# Accuracy from the Prone position



## 22skill (Jul 15, 2009)

Hi All,

I have noticed that when shooting from the prone position I NEVER hit my target, despite good accuracy standing. I ALWAYS hit high...high left if I am shooting from the right, and high right if I am shooting from the left.

Anyone know what is causing this? I have the sight right where it should be and don´t know what is causing this.


----------



## Steve M1911A1 (Feb 6, 2008)

Sometimes, depending upon your technique, resting the butt of the pistol (or even your hand) on a solid surface (like the ground) will change your gun's point of impact.
Also, you will place bullets to the left (if you're right-handed) if you are either wrapping "too much finger" around the trigger or "milking" the gun (squeezing the entire grip, along with your trigger-finger movement). It reverses when you use your left hand.

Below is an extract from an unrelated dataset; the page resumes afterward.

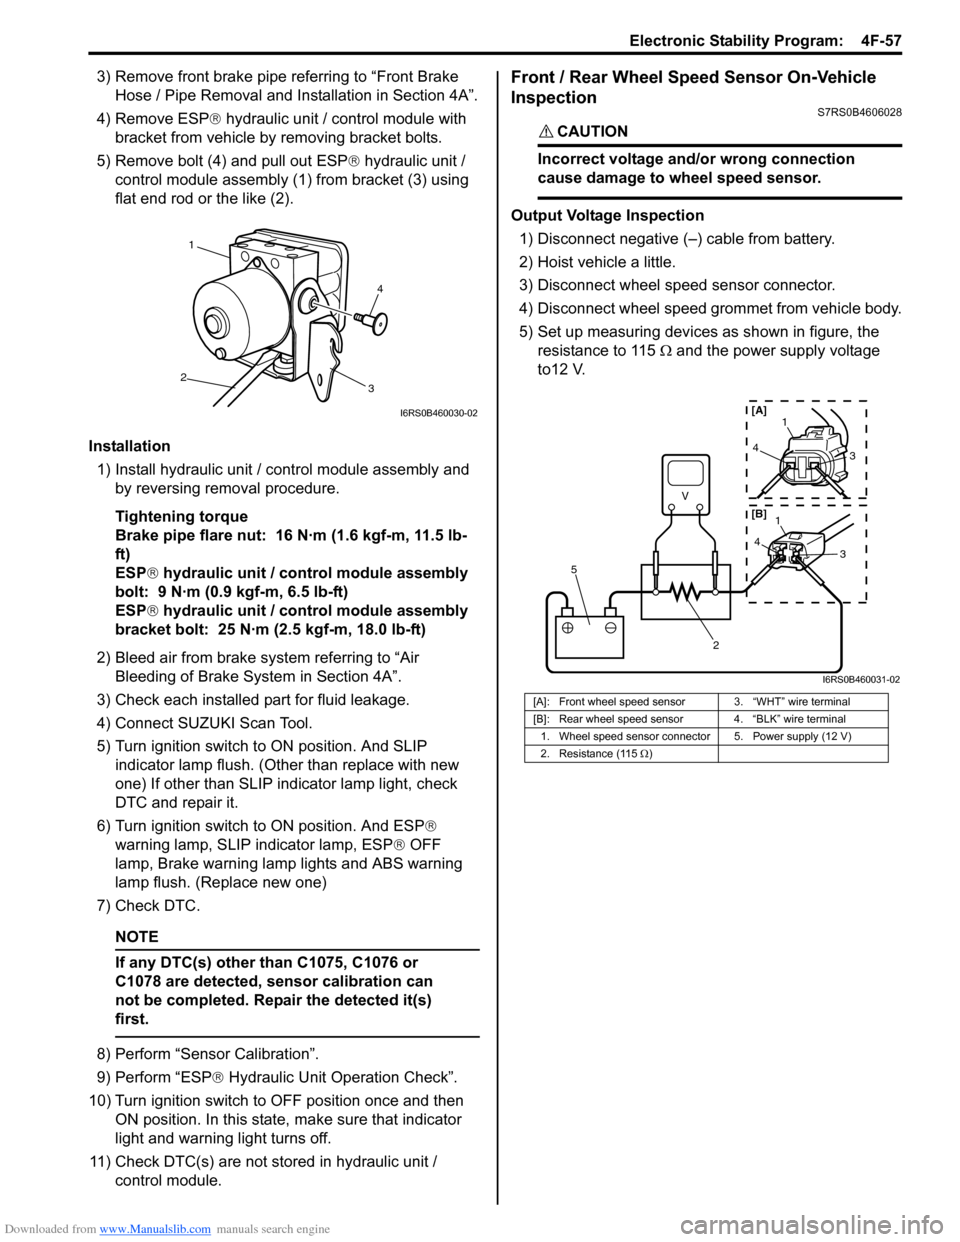 SUZUKI SWIFT 2006 2.G Service Workshop Manual Downloaded from www.Manualslib.com manuals search engine Electronic Stability Program:  4F-57
3) Remove front brake pipe referring to “Front Brake Hose / Pipe Removal and In stallation in Section 4A

When you go prone, try to use "rollover prone," rather than "belly prone." Then, see whether placing your weak-side hand _under_ the gun's butt, between butt and ground, helps bring your hits down.
Merely going to "rollover prone" may be enough, and you may not need to place your weak-side hand under the gun at all. Experiment.

That's the best I can offer you.
My long-range pistol shooting has never been what anybody would call great, and now, in my older-age, it has become horrible.


----------